# Middle Harbour 110607



## sbd (Aug 18, 2006)

kingfish


----------



## Peril (Sep 5, 2005)

Do tell Dave?

sbd, paulb, tugboat, fisherdan, Redfin, keza and myself made it out.

Bit cold early on for a paddle really


----------



## JT (May 25, 2006)

Weel I am keen on a little more detail from you fellas if you are willing............ :roll:

JT


----------



## sbd (Aug 18, 2006)

we're still out. 3 kings.


----------



## JT (May 25, 2006)

Ohhhhh...so this is a live fishing report no doubt from a PDA or similar mobile device?! Very cool. Keep it coming 8)

Would a mod please delete my double post. Apologies. Can't seem to do it.

JT


----------



## sbd (Aug 18, 2006)

It was a questionable morning at 0330, but there was battle to be done, and so it was that at 0500 I slipped out into the limpid (turbid) waters of Middle Harbour. There was a huge amount of floating crap, including at least one dead dog, and large trees lurking ominously beneath the surface, waiting for an unwary Outback.
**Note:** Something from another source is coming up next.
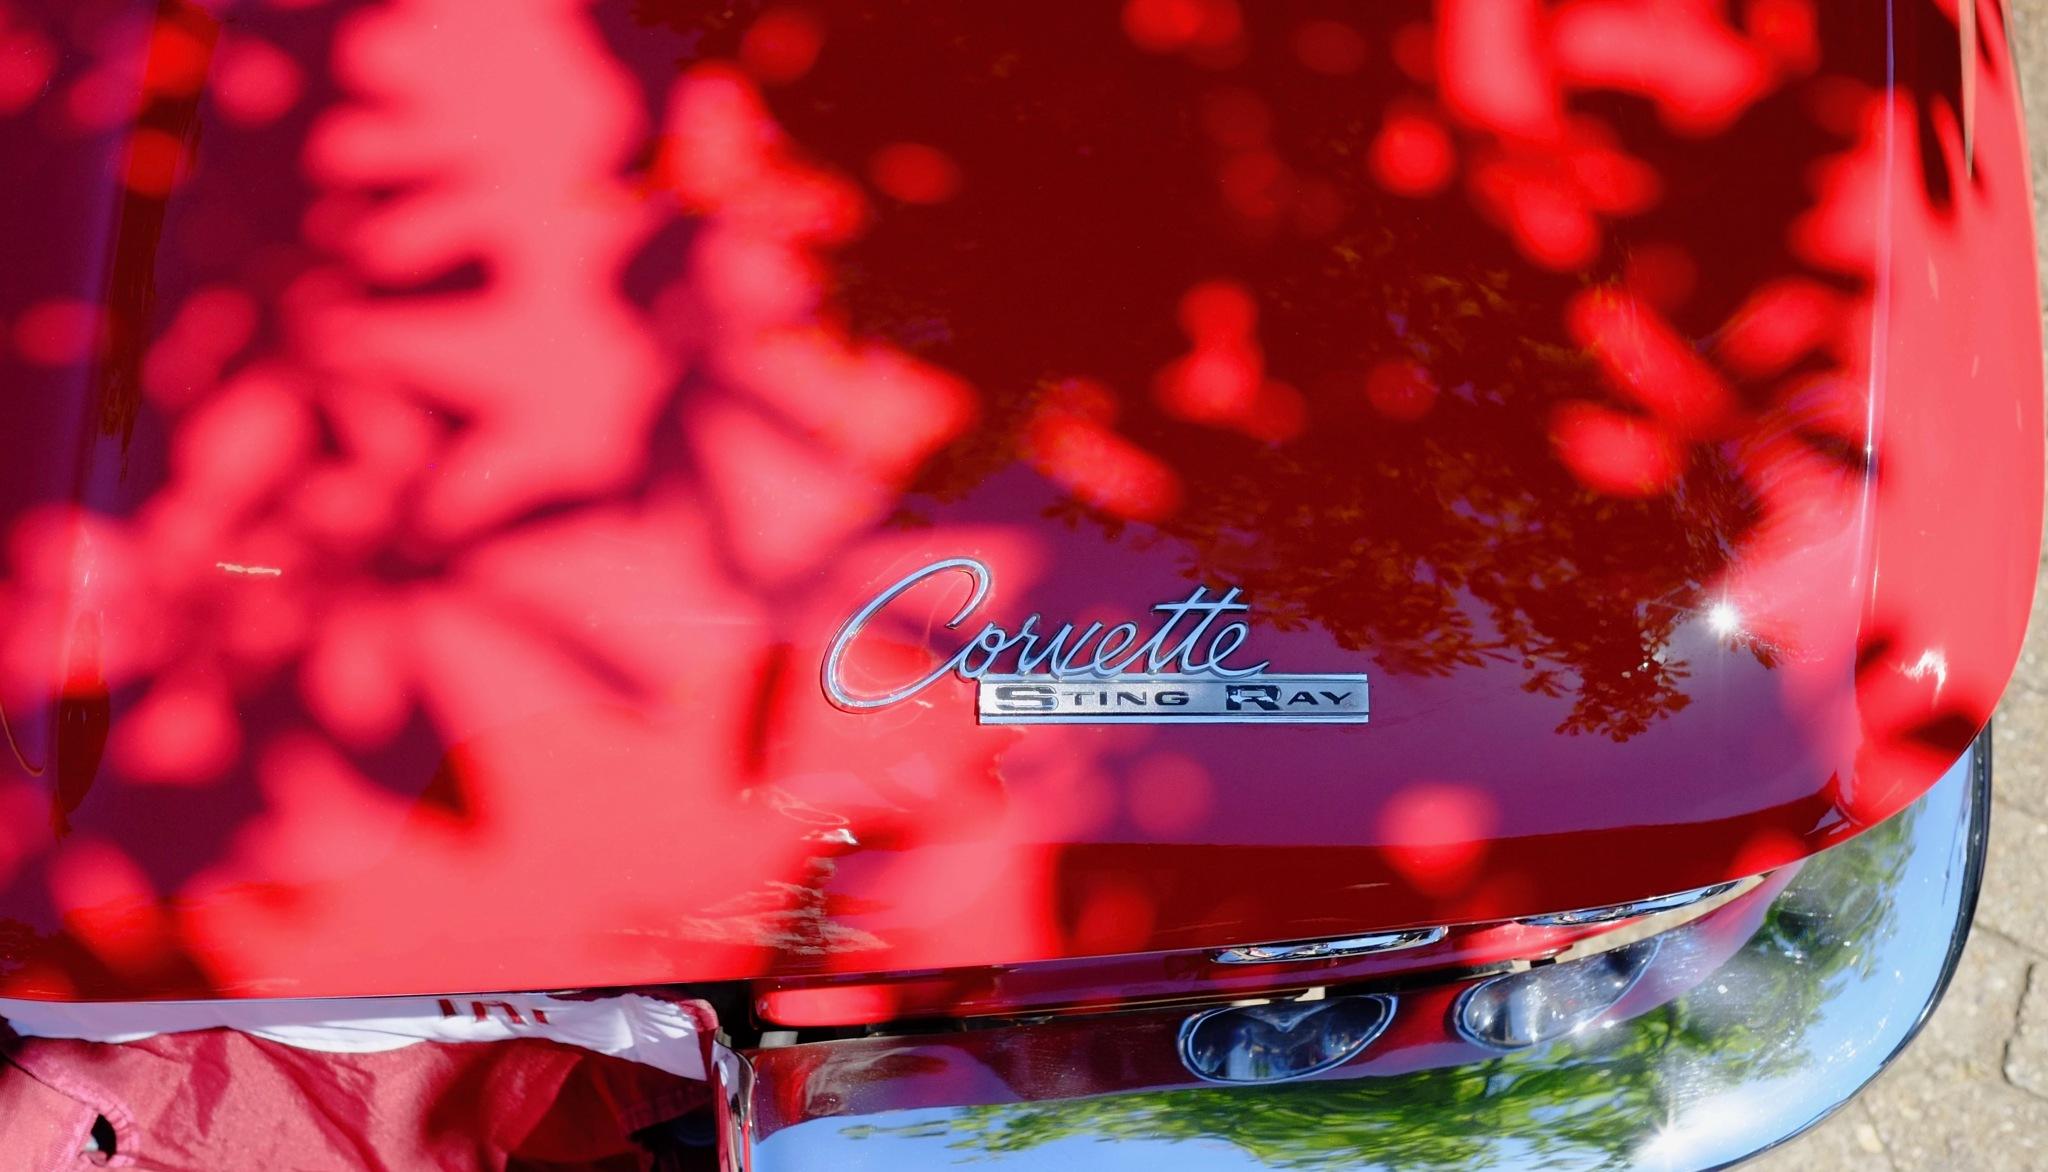 Little Red Corvette by peterkryzun

First stop was the bay of wrecks, but despite lots of burley action there wasn't a baitfish to be had. It may have been too fresh (the water not the burley). I carried on around Fig Tree Pt and across Sailors Bay trolling a CD7. Half way across, a good size tailor took the lure, and after a short tussle he was in my dinner bag. 55cm, a new PB.

I continued on to Sugarloaf Pt. There were fish there, but all I could wrestle out were small snapper. Peril called up on the radio, and announced his intention to head for The Spit, I kept at it for a bit, then headed that way as well. Ran into Tugboat and Redfin and we headed off together.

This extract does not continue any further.